* Task item
Beginning with the line below that contains "Boeket Prachtig met" and ending with the line that contains "Đồ chơi xếp", copy every line exactly. Copy nothing else.

Dataset records section start

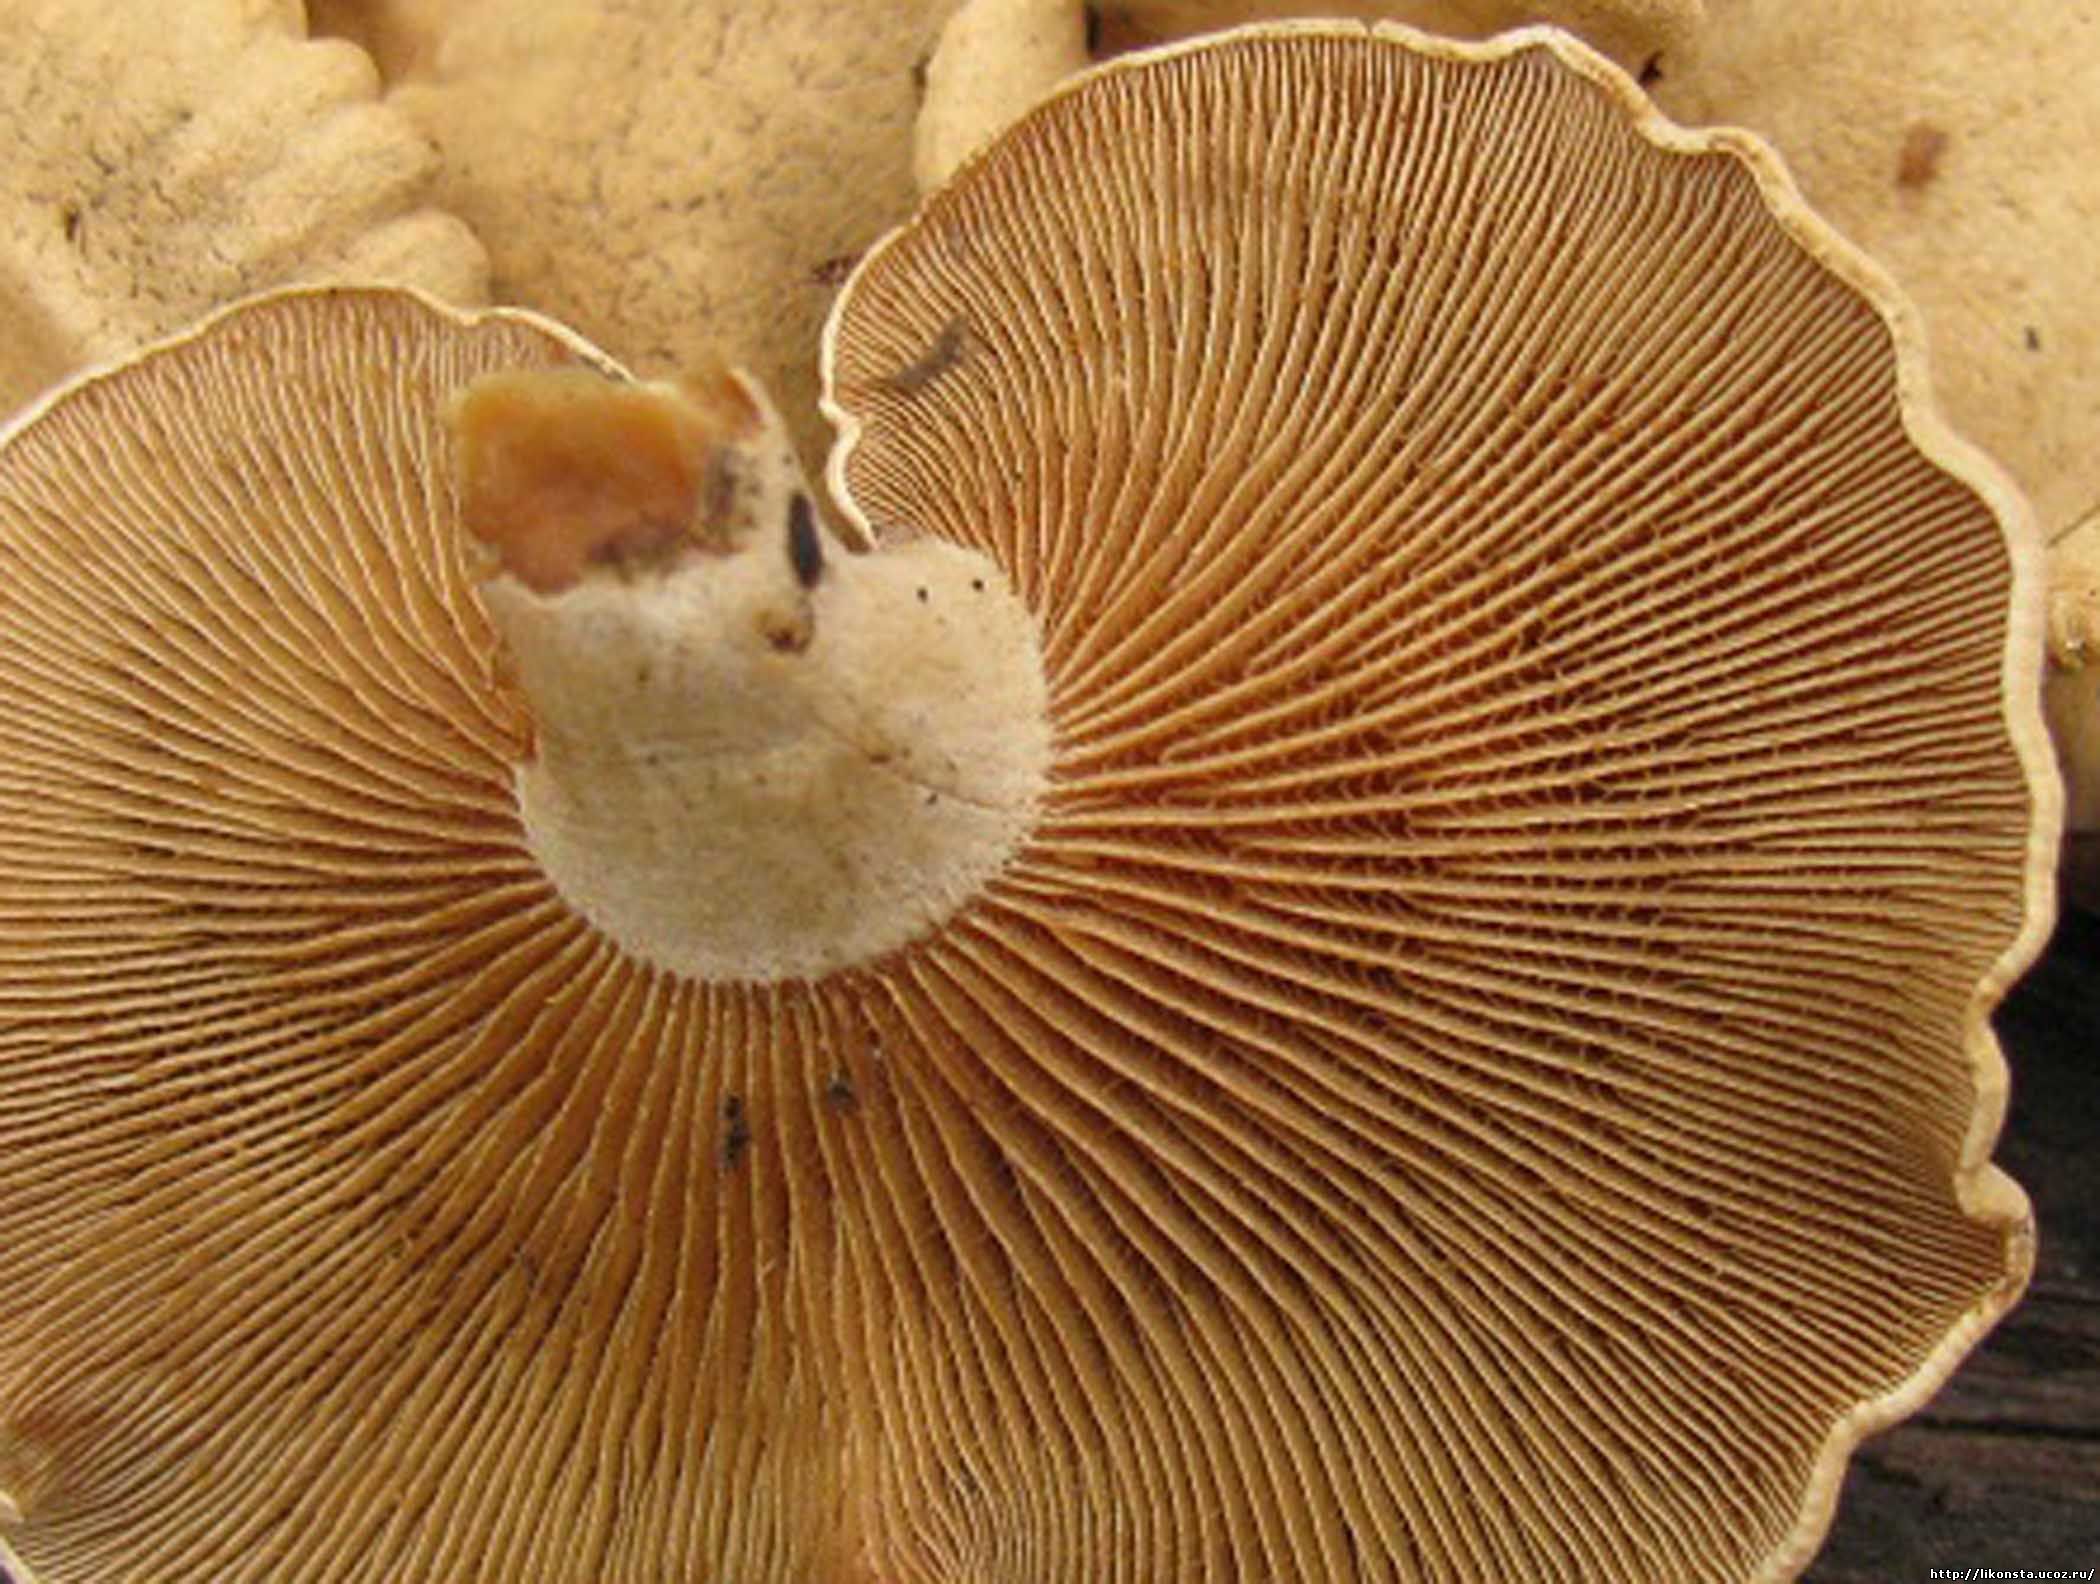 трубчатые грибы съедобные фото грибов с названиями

Dataset records section end
Dataset records section start

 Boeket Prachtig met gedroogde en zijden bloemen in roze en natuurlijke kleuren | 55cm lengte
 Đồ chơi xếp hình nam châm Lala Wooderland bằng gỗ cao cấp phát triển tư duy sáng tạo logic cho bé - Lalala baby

Dataset records section end

* Result for this task
 Boeket Prachtig met gedroogde en zijden bloemen in roze en natuurlijke kleuren | 55cm lengte
 Đồ chơi xếp hình nam châm Lala Wooderland bằng gỗ cao cấp phát triển tư duy sáng tạo logic cho bé - Lalala baby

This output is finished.